◆ DATASET EXTRACT ◆

━━━━━━━━

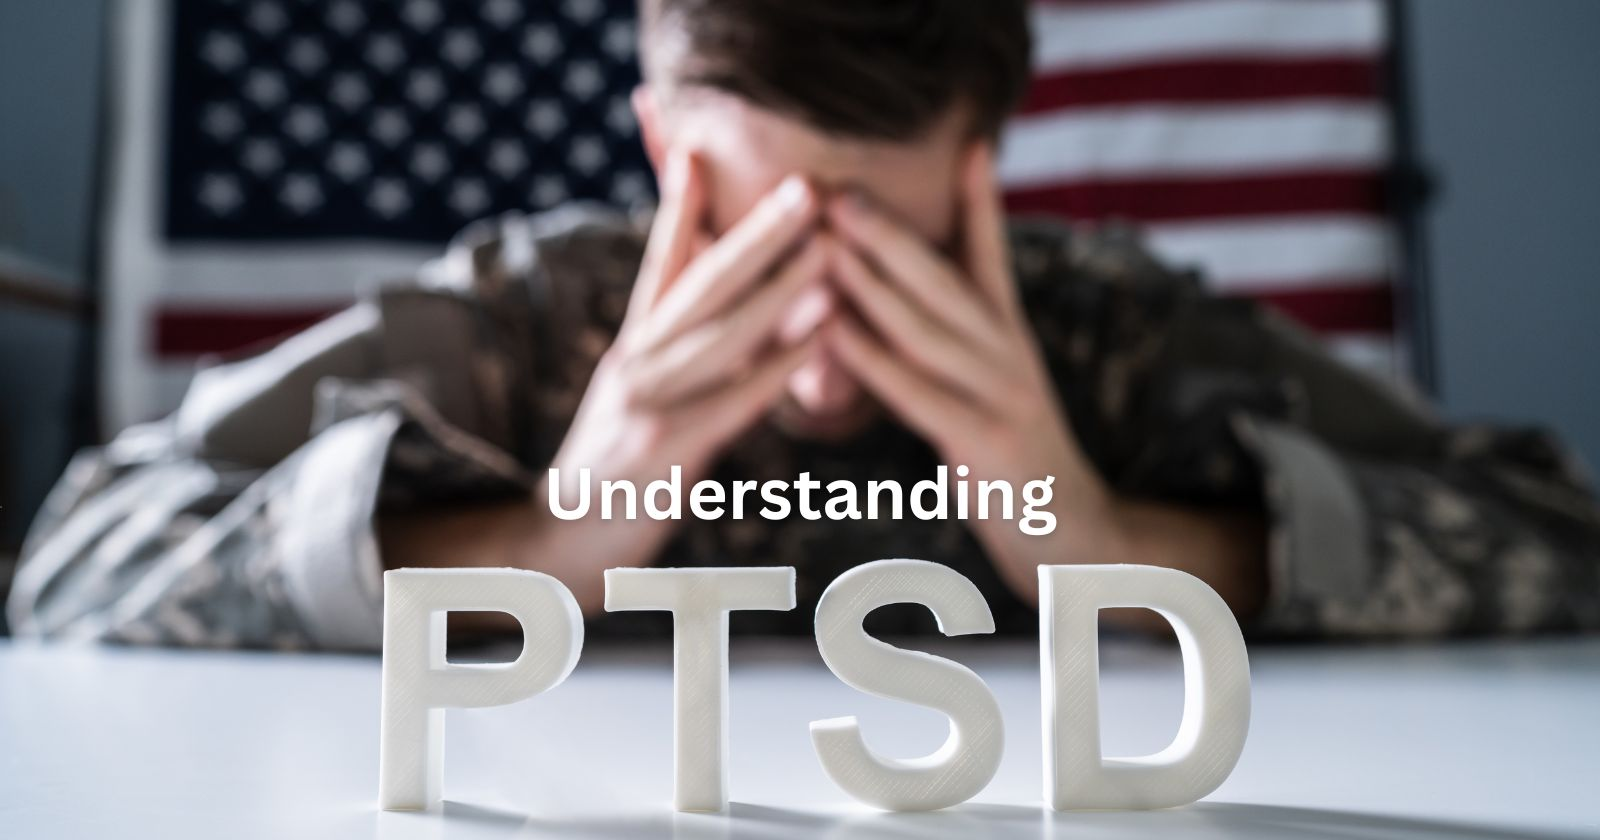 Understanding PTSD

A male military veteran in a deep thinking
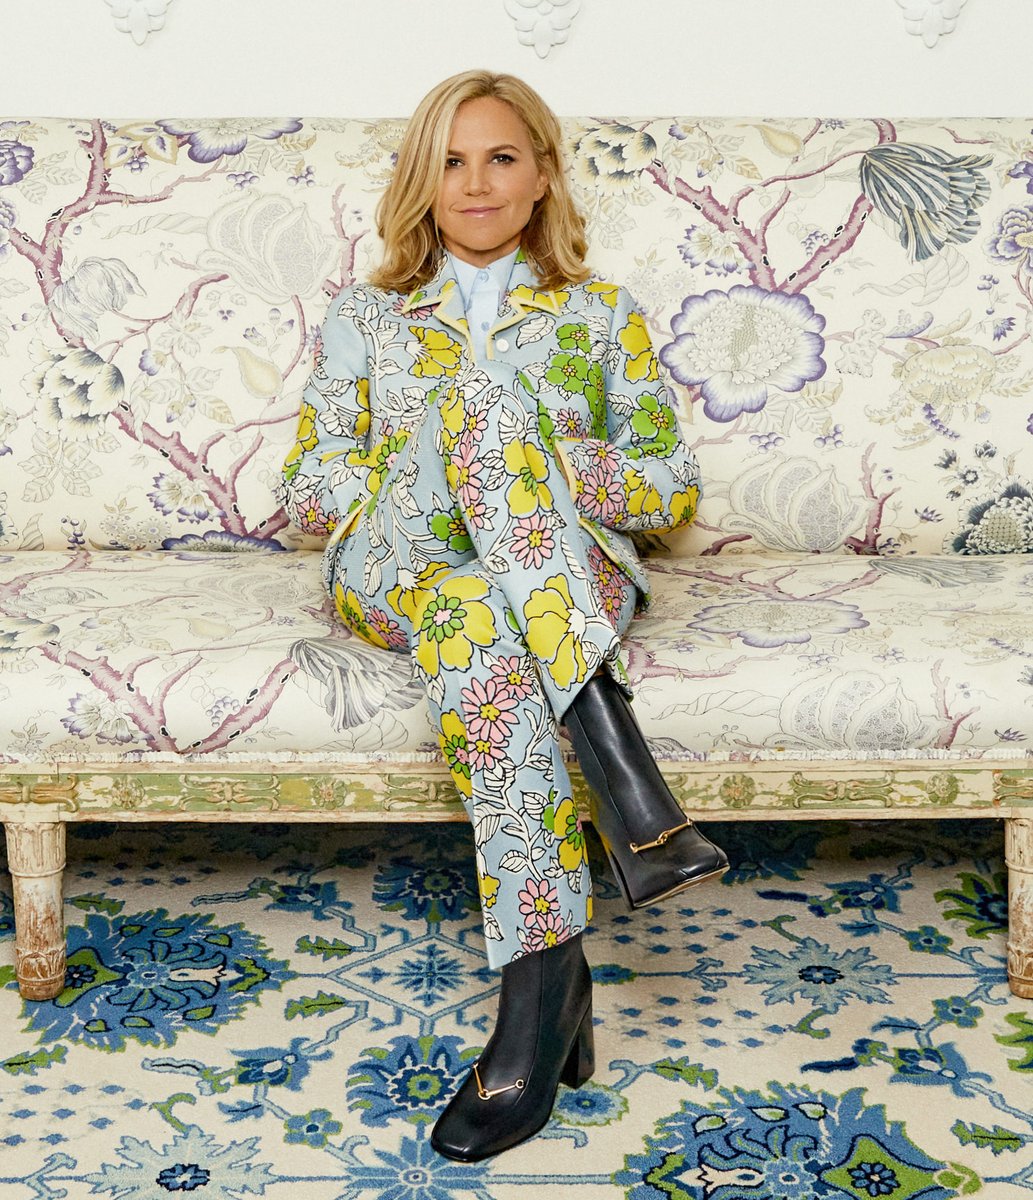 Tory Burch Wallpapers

━━━━━━━━

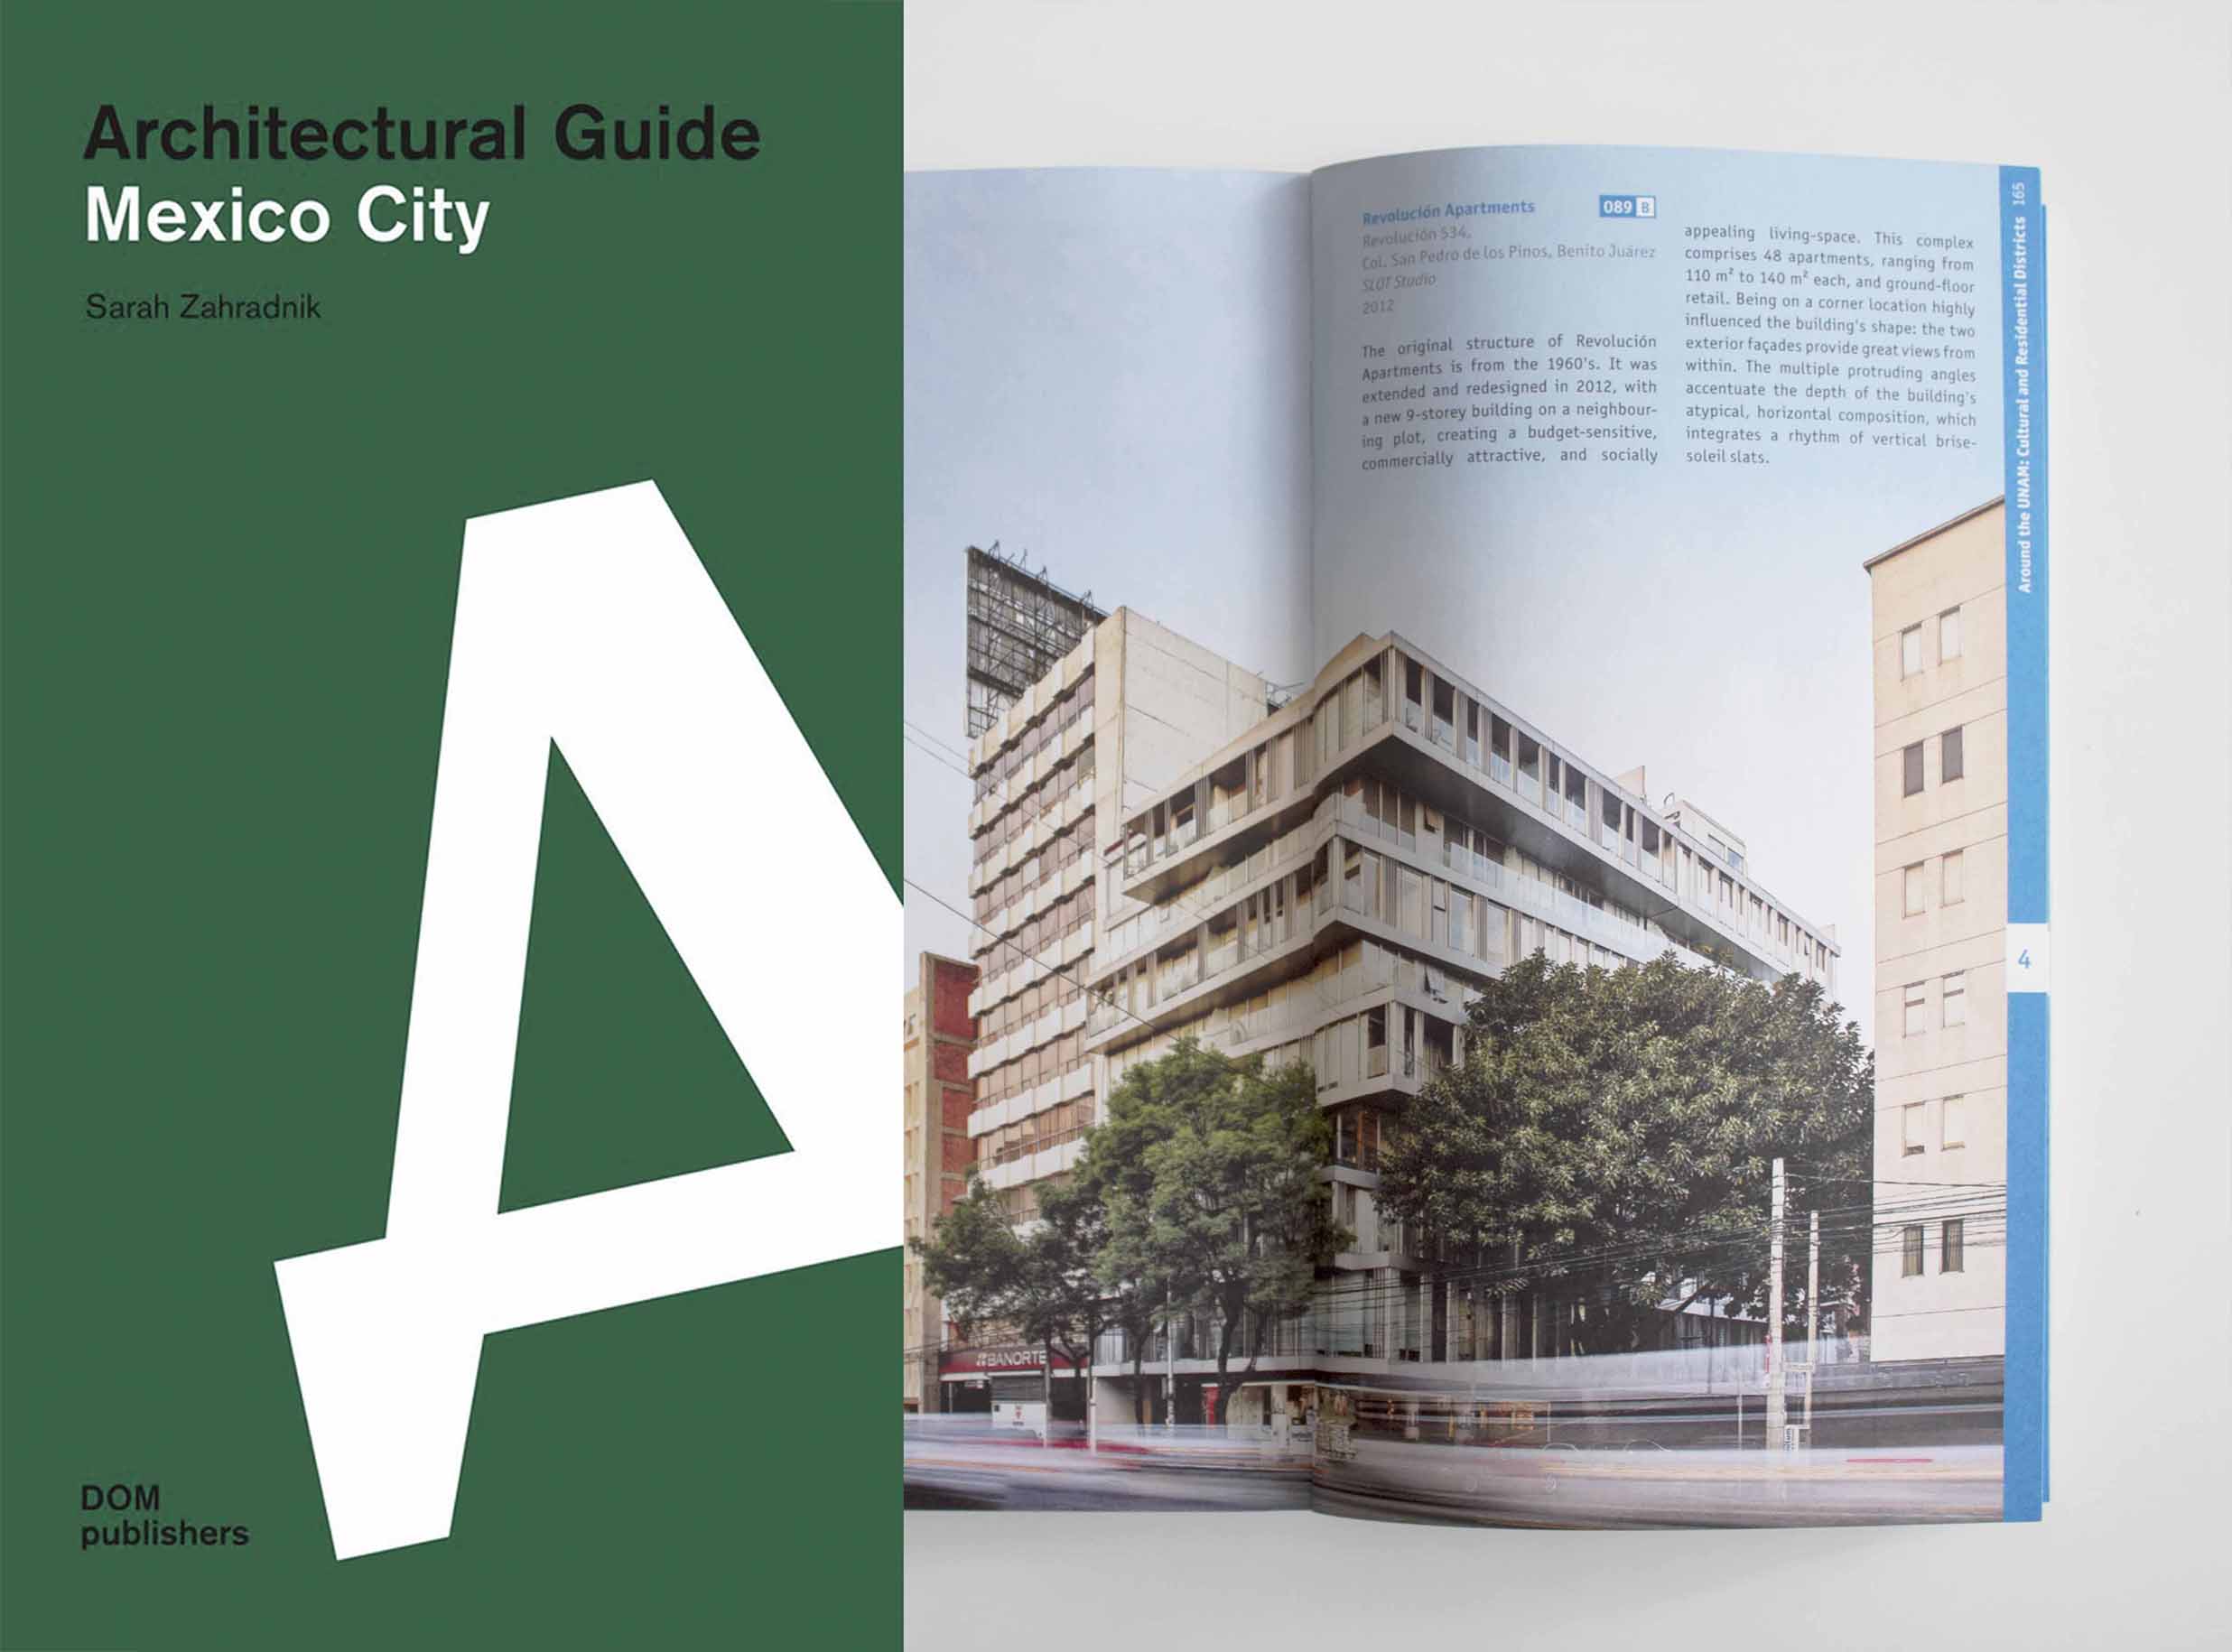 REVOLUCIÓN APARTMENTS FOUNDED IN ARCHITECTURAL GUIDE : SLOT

━━━━━━━━

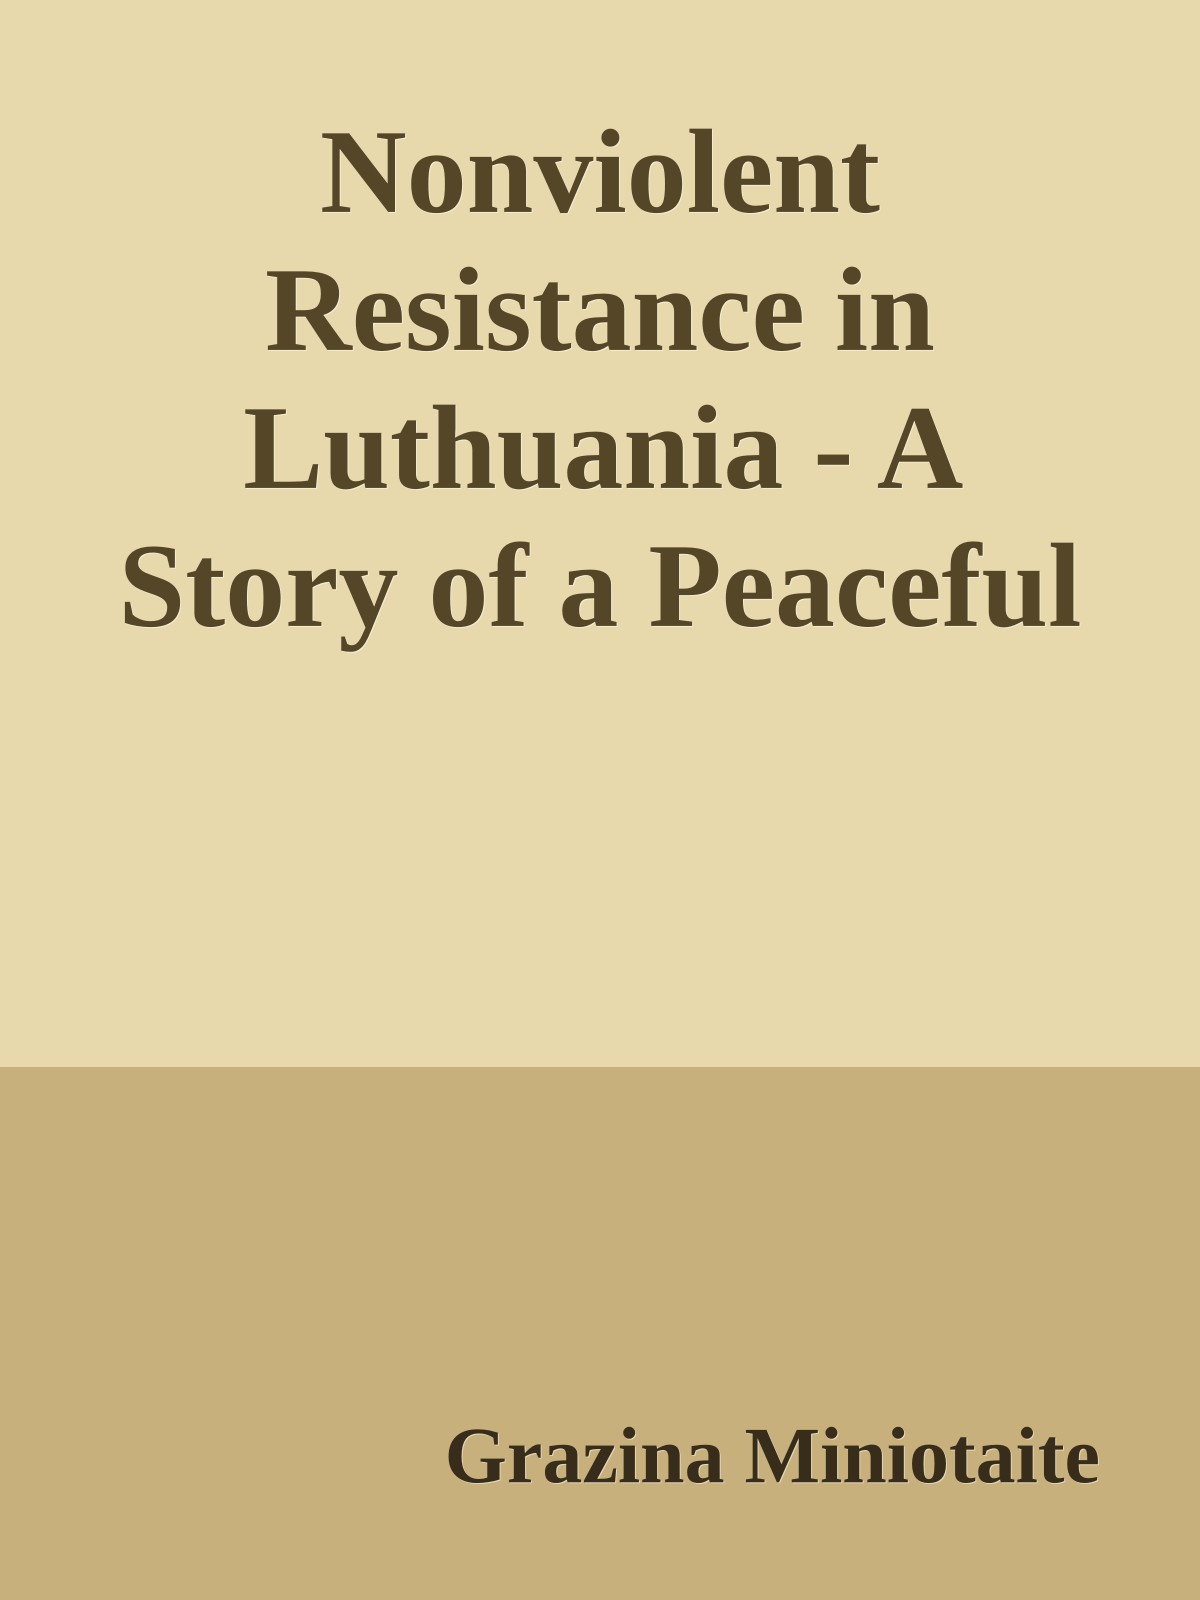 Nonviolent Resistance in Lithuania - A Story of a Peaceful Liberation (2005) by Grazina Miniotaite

━━━━━━━━

◆ WHAT IS EXPECTED ◆
From the records above, copy exactly the stretch from the line holding "Understanding PTSD" through the line holding "Tory Burch Wallpapers", both ends included, without the pictures.

◆ TASK RESPONSE ◆
 Understanding PTSD

A male military veteran in a deep thinking
 Tory Burch Wallpapers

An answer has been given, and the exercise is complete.